The Homeoscope is a wooden lath, which height is equal to the height of the table, and it works as a "selector" of ideas. Using pins, which can be pressed down to stick out of the lower surface, we can set a pattern (search criteria) for the selector. Then, when we are moving the Homeoscope across the table we are actually searching for matching data (each pin of the Homeoscope corresponds to one row of the table), as the Homeoscope will fall down and stop its movement when (and if) it finds a column (idea), which has holes in the same rows, where the pins are pressed down.

In his brochure Korsakov gave the following example for practical use of this device:

If the ideas, signed as columns A, B, C, D, etc, in the table, are indicating the areas of using of different medicines, and rows are indicating different symptoms of diseases, which will be cured by these medicines, then we can set in the Homeoscope all the symptoms of a particular disease, and to move it across the table until will be stopped (a match will be found). Thus we can see which exactly medicine is suitable to be used for these particular symptoms.


Linear Homeoscope with movable parts

The Linear Homeoscope with movable parts (see the drawing below) is an improved version of the Linear Homeoscope with unmovable parts. The tables are the same, but the Homeoscope has moveable parts, which made possible more complicated search criteria and algorithms to be used.

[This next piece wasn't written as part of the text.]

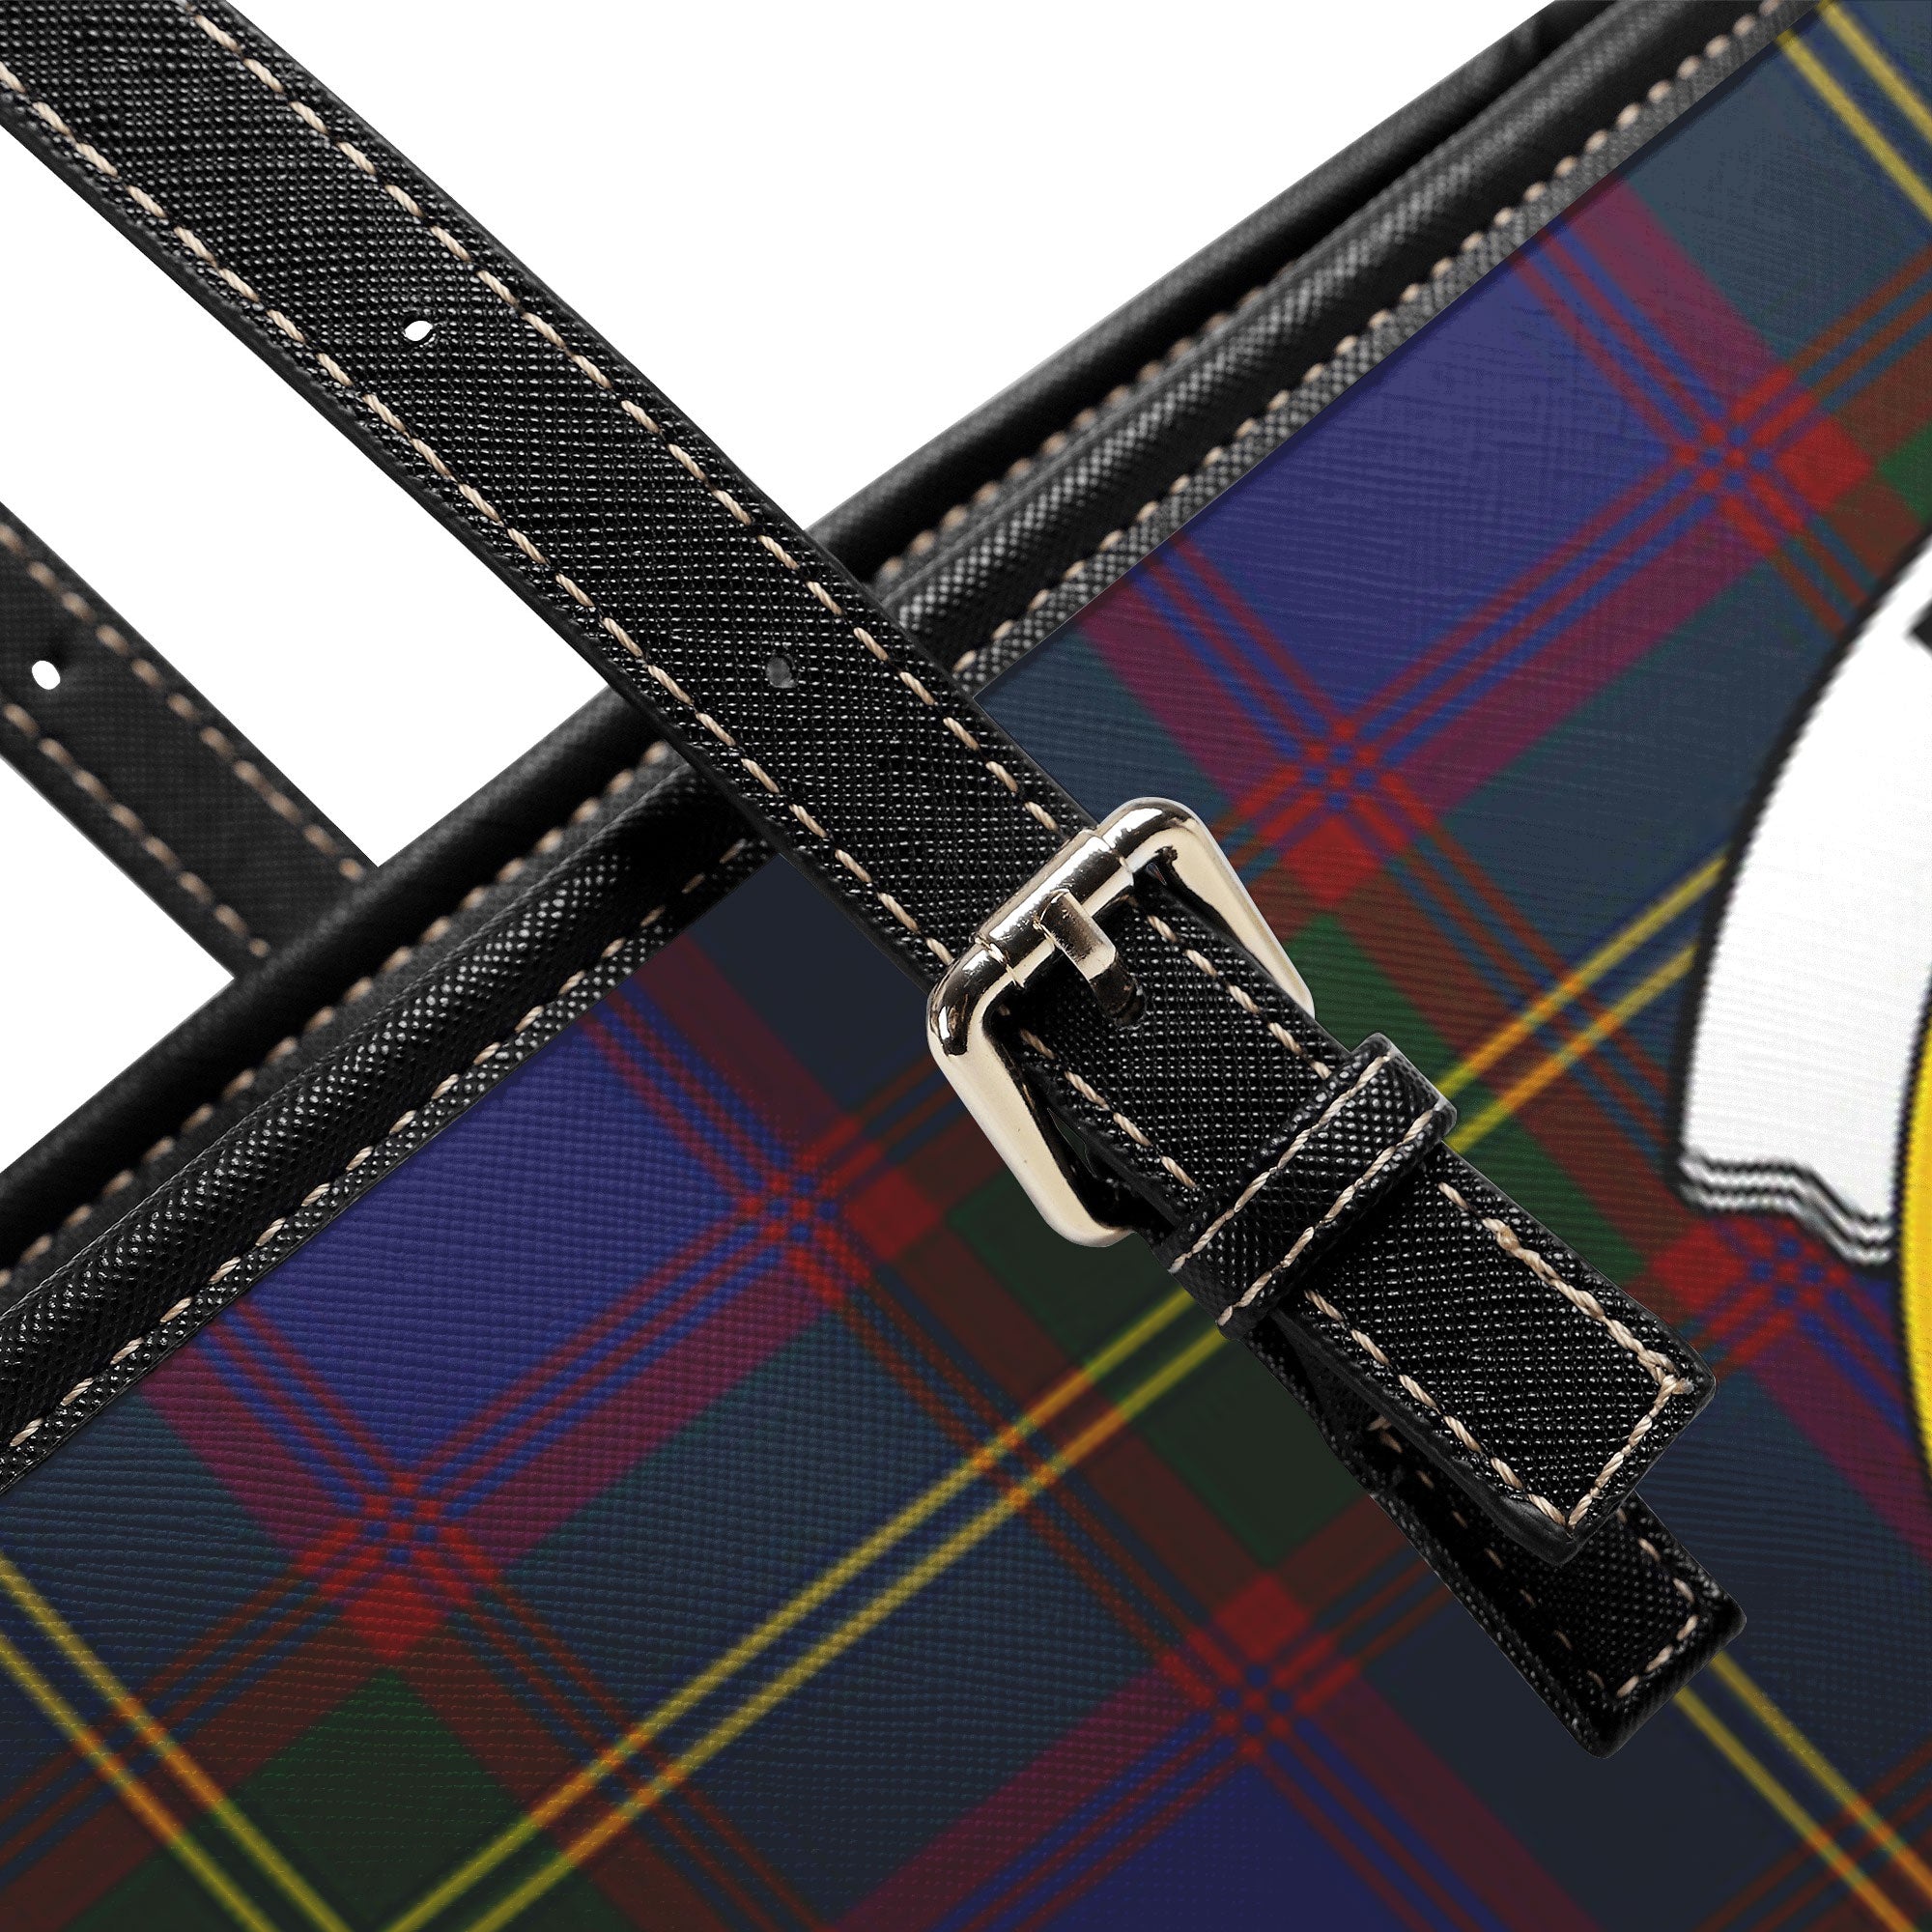 Durie Tartan Crest Leather Tote Bag

Linear Homeoscope with movable parts

Linear Homeoscope with movable parts

Flat Homeoscope

The Flat Homeoscope (see the image below) used 2 tables and compared the template (search criteria) from the upper table to the dataset (ideas) of the lower table.

The upper table (marked with ) has holes in all the cells, which can contain pins. The lower table is the same size, but has holes only in some cells, according to the idea (search criteria).

In the upper table can be set all the symptoms of a particular disease, while in the lower table can be set all cases, which will benefit of using a particular medicine. Thus we can prepare a table for all medicines, and to use them one after another, until we find a match—a proper medicine for the particular disease.

Flat Homeoscope of Korsakov

Flat Homeoscope


The Ideoscope of Korsakov is the most clever device of all five, which is capable, using a special table and a pre-arranged object:

 1. To find all matches between 2 compared ideas.

 2. To find all items, presented in the source-idea, but are missing in the target idea.

 3. To find all items, missing in the source-idea, but are presented in the target idea.

 4. To find all items, missing in both ideas, but are presented in other ideas in the same table.

The Ideoscope (see the image below) is capable also to find during the comparison the relative importance of every detail. The number of compared ideas can reach several hundred, and every idea can contain more then a hundred details. Besides that, the Ideoscope (just like Homeoscopes, described above), can be upgraded in order to work with cylindrical tables.

Ideoscope of Korsakov


Simple Comparator

The Simple Comparator of Korsakov (see the drawing below) can produce the same 4 results, as the Ideoscope, but it is capable to work with 2 ideas, comparing them in between. It can contain only several tens of details, but is excels the Ideoscope at that, because it doesn’t need a table to be prepared.